"Ties of Blood and Water" is an episode of the syndicated American science fiction television series Star Trek: Deep Space Nine, the nineteenth episode of the fifth season.

Set in the 24th century, the series follows the adventures of the crew of the space station Deep Space Nine near the planet Bajor, as the Bajorans recover from a decades-long occupation by the imperialistic Cardassians. The station is adjacent to a wormhole connecting Bajor to the distant Gamma Quadrant, which is home to an empire known as the Dominion; in the fifth season, the Dominion annexes Cardassia, fomenting new conflict with the United Federation of Planets. In this episode, the Bajoran Major Kira Nerys (Nana Visitor) copes with her feelings about the impending death of Tekeny Ghemor (Lawrence Pressman), a Cardassian dissident she has become close to, while Cardassia's new Dominion government attempts to co-opt his legacy.

Plot

Ghemor arrives at Deep Space Nine, having left Cardassia after his activities as a dissident became known. Kira hopes he will be the face of the resistance against the Dominion-controlled puppet government of Cardassia, but he tells her that he is dying. He wishes to participate in a Cardassian tradition in which a dying person reveals their secrets to the rest of the family for use against their enemies. He chooses Kira to interview him, since he regards her as family. Captain Sisko (Avery Brooks) encourages her to participate, as Ghemor's information could greatly aid the Federation and Bajor. Kira is hesitant at first, remembering the injuries that her father suffered at the Cardassians' hands during the occupation of Bajor. However, she agrees to hear Ghemor's secrets and use them for good.

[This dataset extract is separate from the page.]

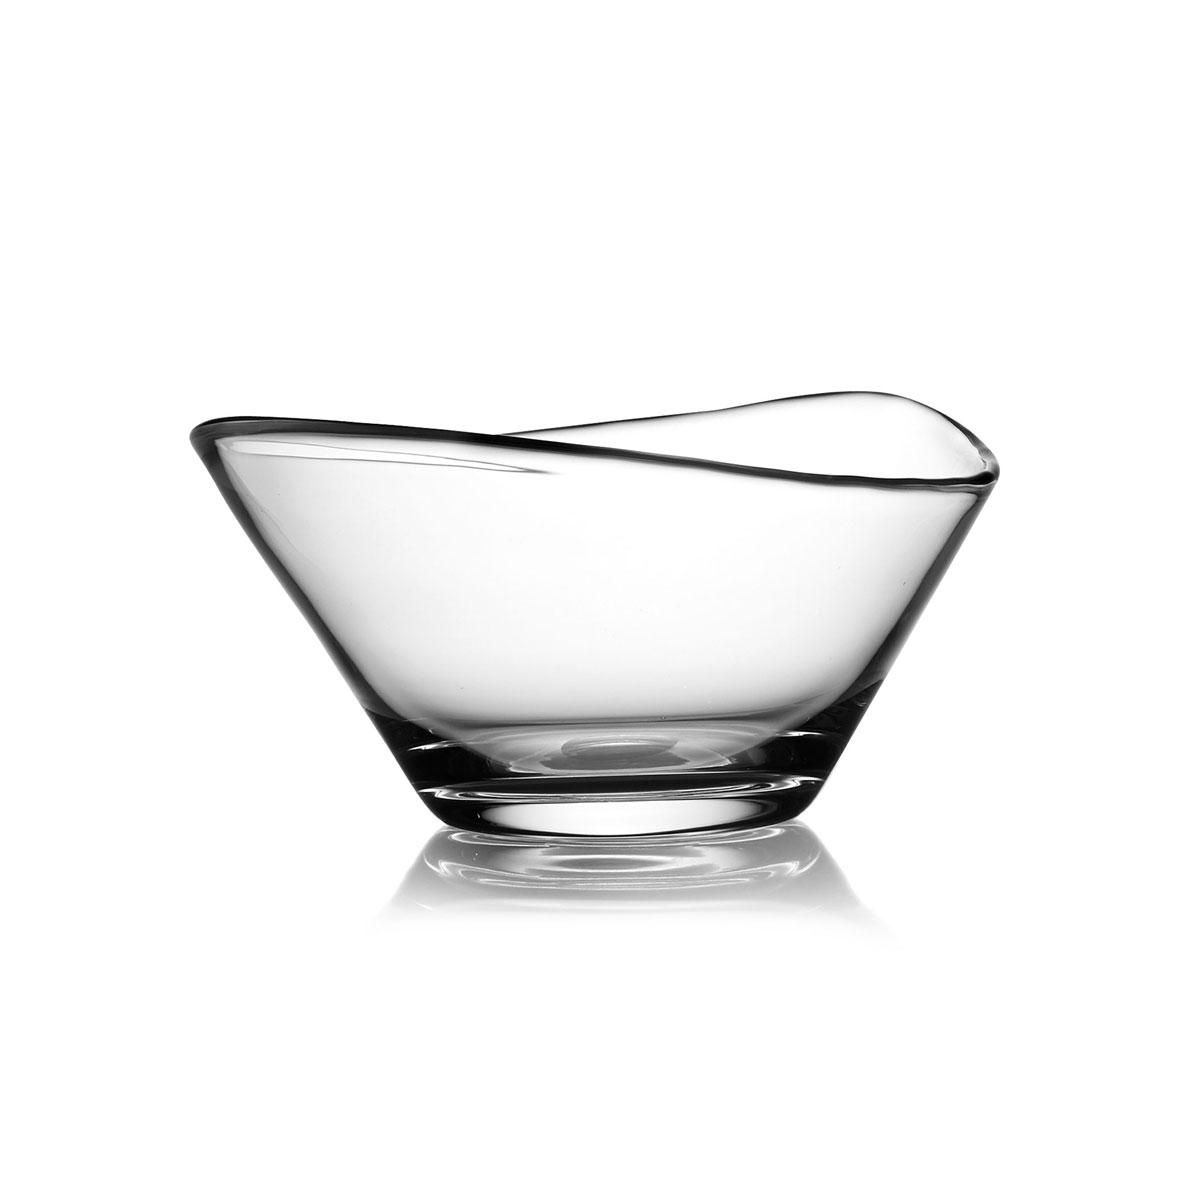 "Nambe Moderne 9"" Bowl"
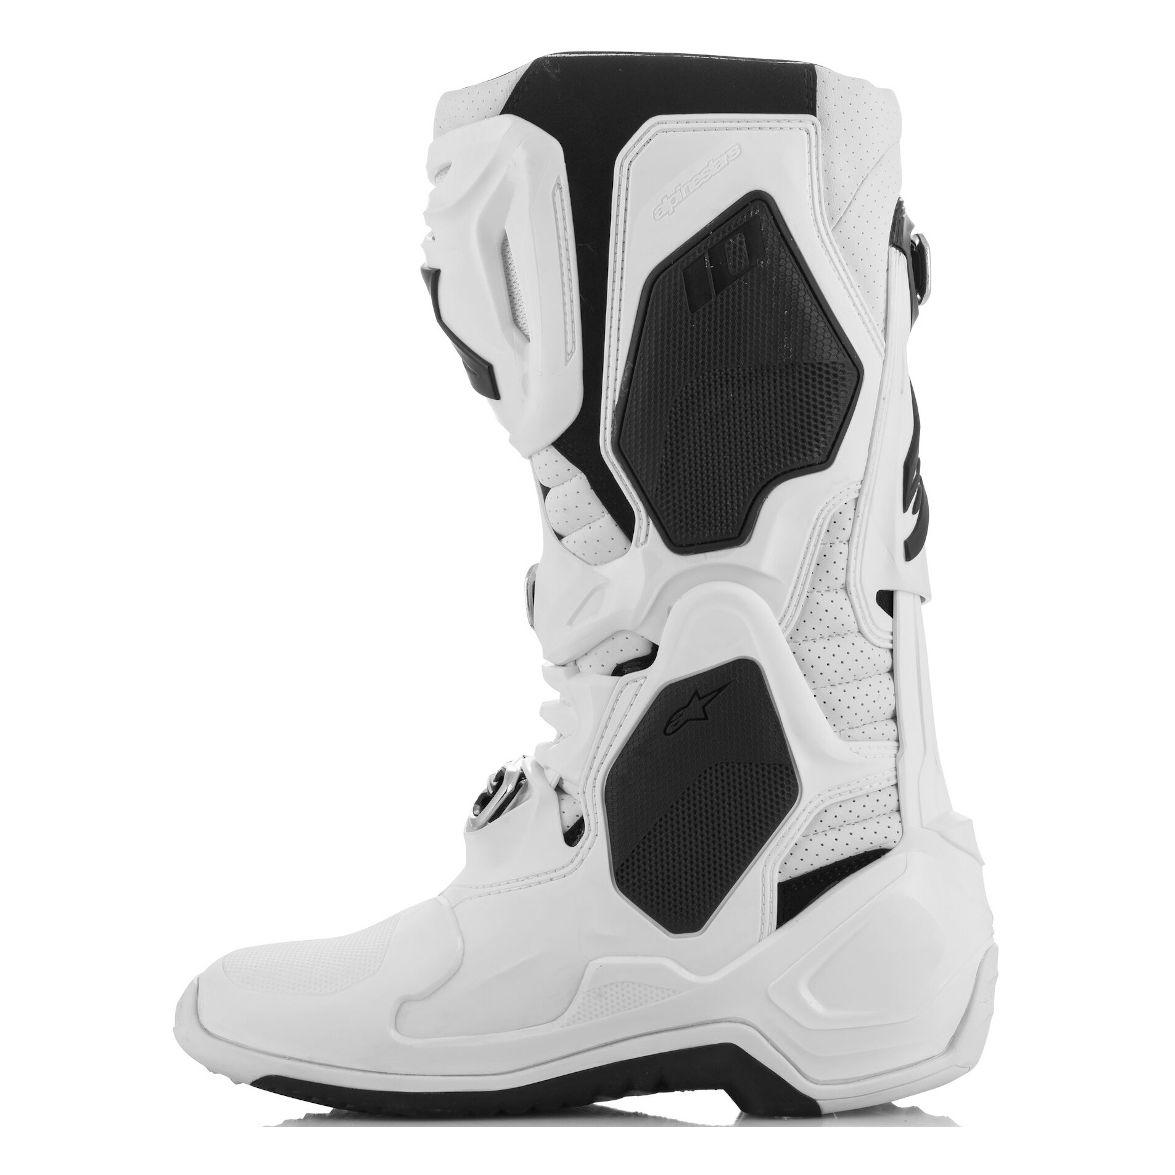 Stivali da cross Alpinestars TECH 10 WHITE 2021 Stivali

Gul Dukat (Marc Alaimo), the head of Cardassia's Dominion government, requests Ghemor's extradition to Cardassia, but Sisko brusquely rejects him. Refusing to take no for an answer, Dukat and the his Dominion liaison Weyoun visit the station, intent on taking Ghemor with them. Dukat first offers to reunite Ghemor with his long-lost daughter, and then gives Kira information that incriminates Ghemor in a massacre at a Bajoran monastery. Finally he delivers a bottle of poisoned liquor to Ghemor's quarters, but Sisko intercepts it.

Kira becomes furious at Ghemor and spends as little time caring for him as possible. However, she later learns from security chief Odo that Ghemor was only nineteen at the time of the massacre, an inexperienced foot soldier. Kira recalls that when her own father was badly injured, she chose to participate in a counterattack rather than stay with him, and missed his death by minutes. Realizing that she is letting her own past bitterness taint her relationship with Ghemor, she returns to his bedside and stays until he dies. Dukat intends to tell the public that Ghemor praised the Dominion with his last words and wants to have the body returned to Cardassia for a military funeral. Sisko rejects the request and allows Kira to bury Ghemor on Bajor next to her father.

Continuity 

This episode is a sequel to the third season's "Second Skin", in which Kira met Ghemor and formed a bond with him as a result of a plot by the Cardassian intelligence agency in which he was made to believe she was his missing daughter. 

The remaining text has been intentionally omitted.